Cavers is collaborating on this project with Dr. Nirmal Hari, an applied research specialist with Manitoba Agriculture and Resource Development. Hari is based at the Prairies East Sustainable Agriculture Initiative (PESAI) Diversification Centre.
The project’s two field sites are at the AAFC Research Farm at Portage la Prairie and at PESAI’s Arborg location. The project targets spring wheat and canola because they are widely grown crops and because different varieties of each crop type are easily available.
“Depending on the site and year, we tried to compare six different crop varieties of both crops,” Cavers says. He adds, “This project is modest in the number of varieties tested, as we were focused on working out the details in trying to impose moisture stresses as evenly as possible and to impose those conditions without killing the crop stands but causing enough damage to impair crop growth and reduced yields.”
He explains the project’s focus on both very wet and very dry conditions was more by accident, rather than by design. “Manitoba crop insurance data has shown over the long term that excess moisture and lack of moisture (drought) are nearly equal in their frequency of causing crop yield loss and subsequent claims. When this project was initiated almost three years ago, Manitoba was in the midst of dealing with several growing seasons of excess moisture being the primary limiting factor to crop production. However, we also expected it was only a matter of time before we experienced the next most common limitation to crop production in Manitoba, which is a lack of moisture.”
In 2019 and 2020, both sites simulated excess moisture conditions, with additional water applied at early as well as late growth stages, and compared those plots to check plots with no water application. At both sites, the project team installed berms around the appropriate plots and then flooded those plots with water from their irrigation systems.
In 2021, the Arborg site followed the same experimental design as in 2019 and 2020.
However, at the Portage site, Cavers needed to adjust the design to simulate very dry conditions rather than very wet. That change was necessary because the farm’s irrigation water supply was depleted, making it impossible to add enough water to create excess water stress. The team installed plastic rain shelters over the appropriate plots for select periods in June (early growth stage) and July (late growth stage) to simulate early versus late season moisture deficiencies.
At each site, the team measured precipitation, collected data on crop growth and yield, and monitored soil moisture at different depths in the soil profile.
Some preliminary findings
Cavers expects to have the project’s final report completed by March 2022, but he has some initial results that he can share.
“One key finding is that, in general, later moisture stresses are more damaging to crop performance, whether the stress is excess water or lack of water. Our data showed that there seems to be a more negative impact on yield as the stress occurs closer to the plant’s reproductive stage.”
He adds, “Of course, if you have extreme moisture or extreme drought early in the season that wipes out the crop stand, that will have a major impact on yield. However, we were trying to not wipe out the stand; we wanted to find that sub-lethal level of soil moisture where we would hurt the crop but not wipe it out.”

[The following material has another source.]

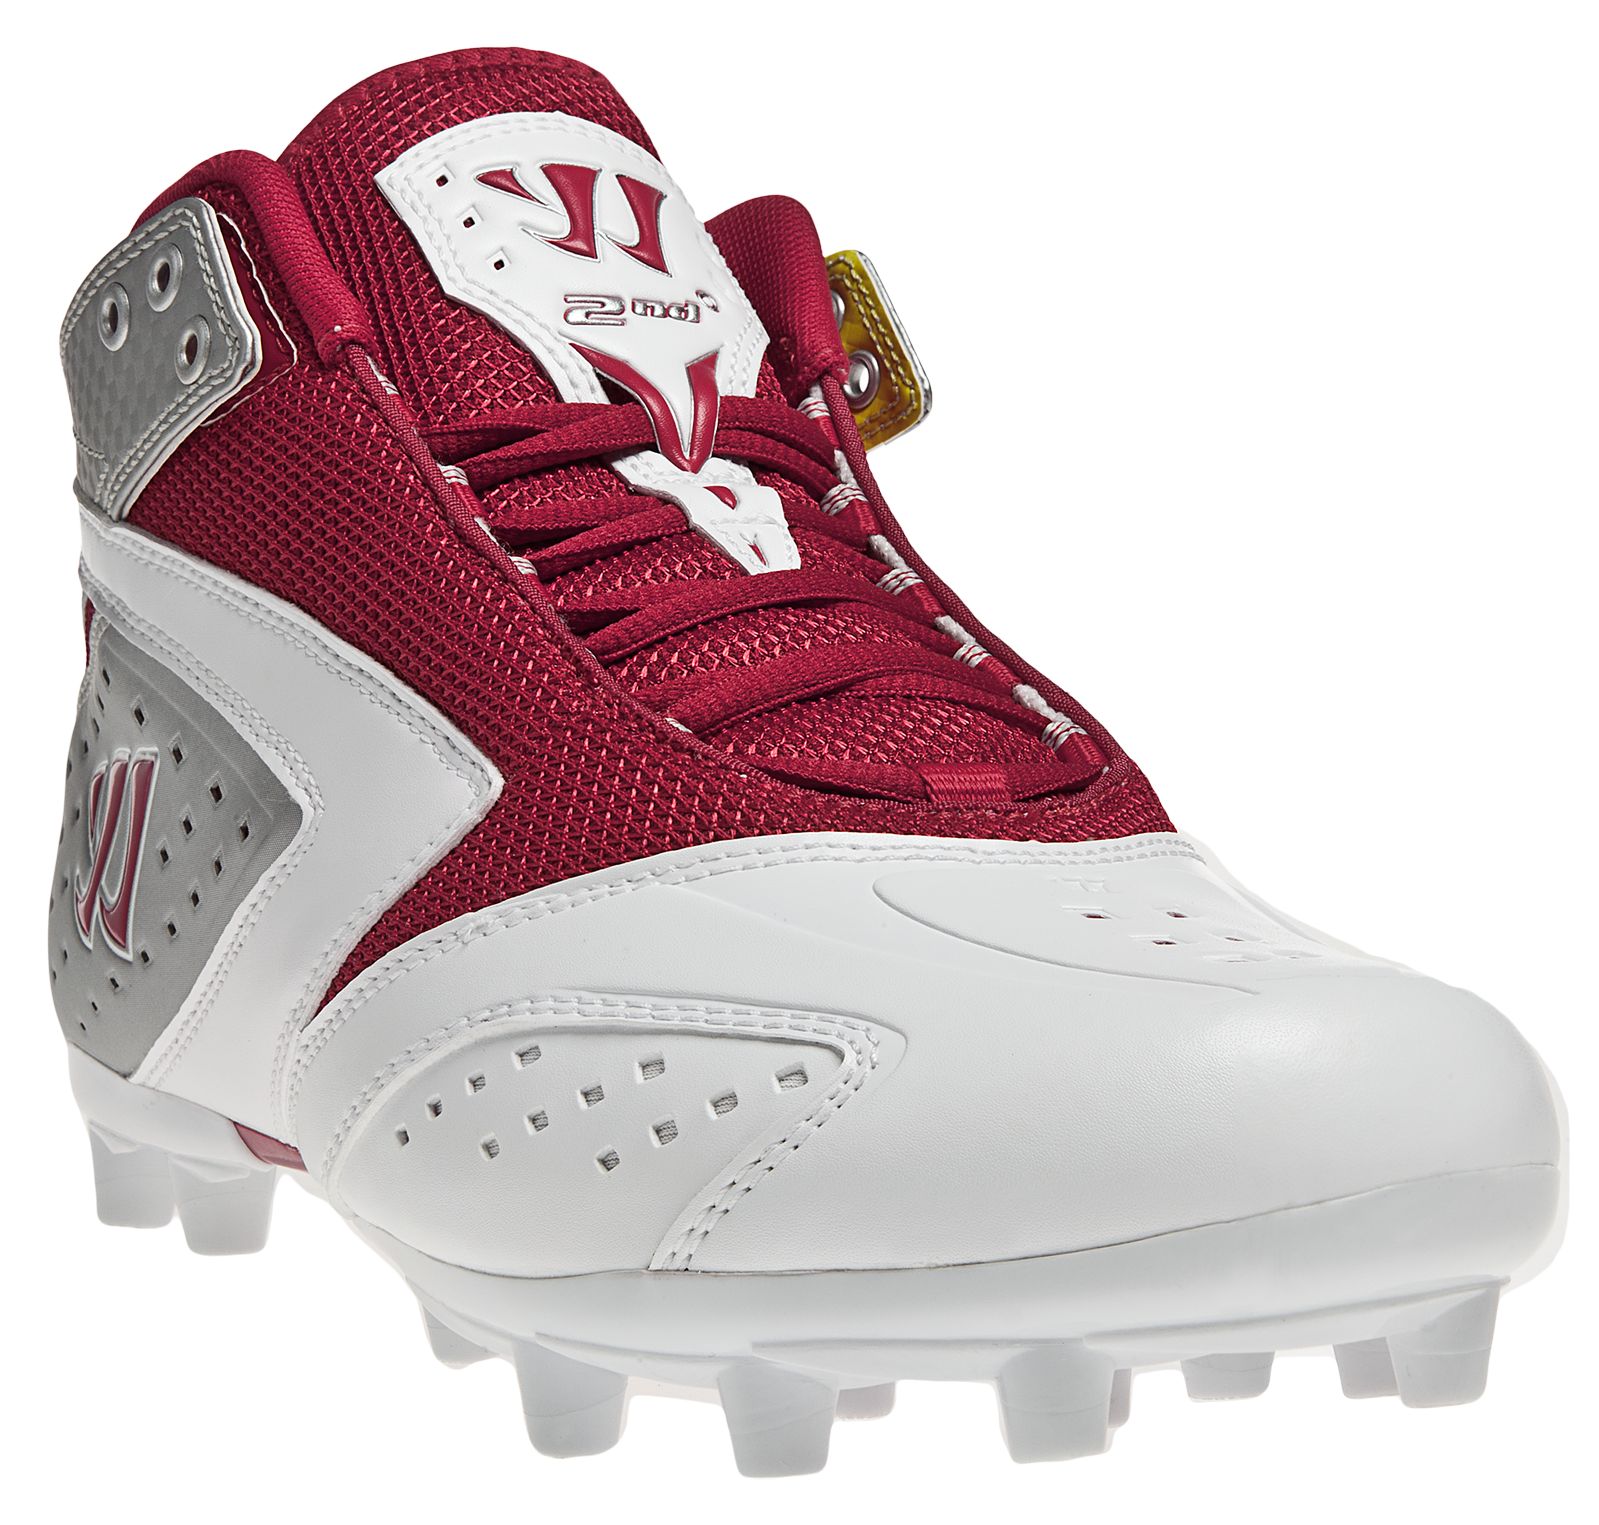 Burn 2nd Degree Cleat, Red with White & Silver image number 2
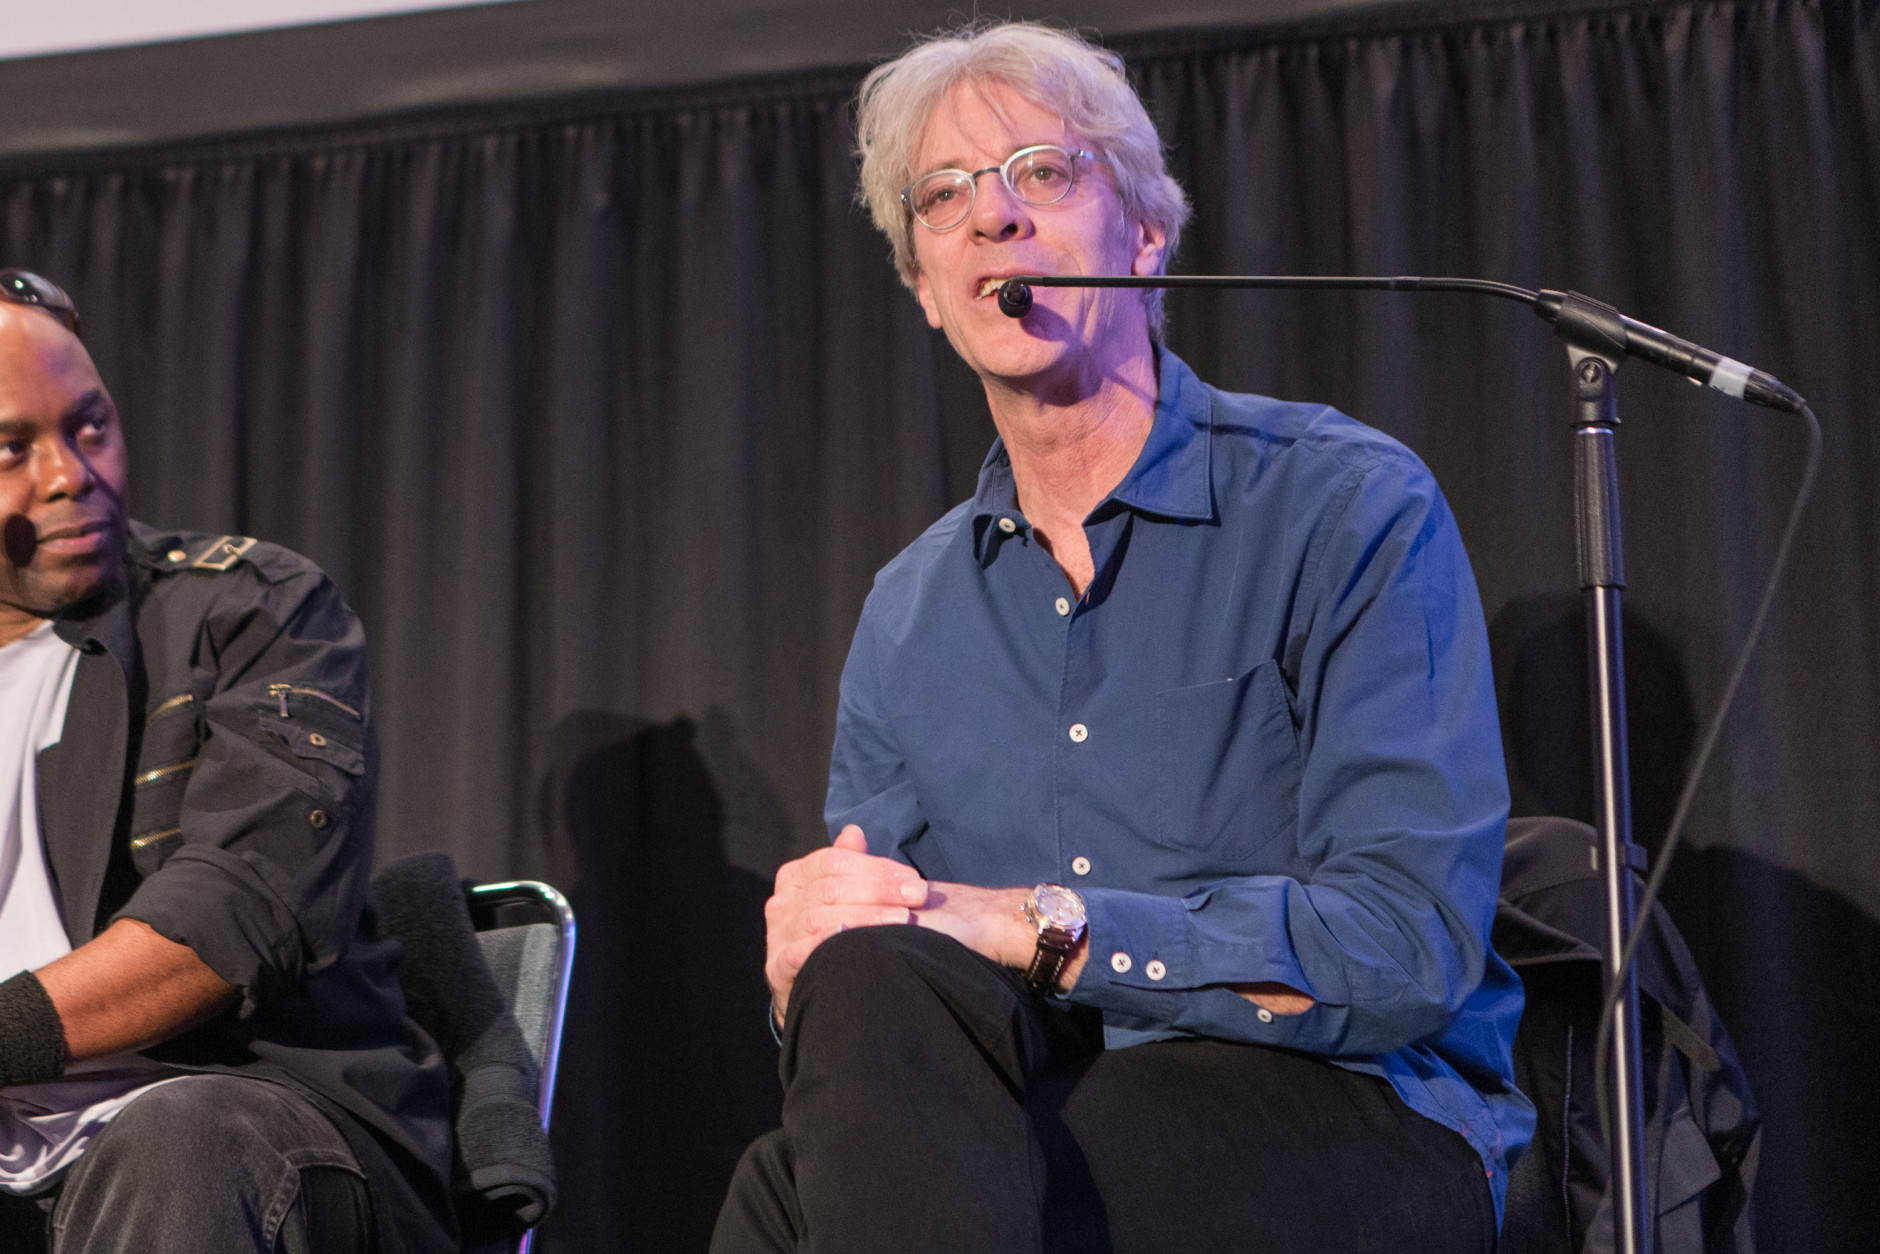 Drummer Stewart Copeland, formerly of The Police, turns 63 Friday. (Photo by Paul A. Hebert/Invision/AP)

Regarding the crop type comparison, Cavers says, “As you would expect, wheat and canola responded a little differently to moisture stress. However, we didn’t find that one crop was necessarily more stress tolerant than the other. Both crops are in that mid-range of being able to tolerate extremes of moisture. In general, different crop types respond differently to moisture conditions; for instance, oats tend to be more moisture-tolerant than wheat, and soybean is definitely more tolerant of excess moisture than canola.”
Their results also show that crop type is more important than variety when it comes to moisture stress responses.
“We found that most crop varieties tend to perform consistently relative to one another regardless of moisture conditions. In other words, if a variety is higher yielding under normal or optimum conditions, it tends to remain higher yielding than other varieties under more extreme conditions, even though its actual yield has been reduced because of the excess moisture,” Cavers says.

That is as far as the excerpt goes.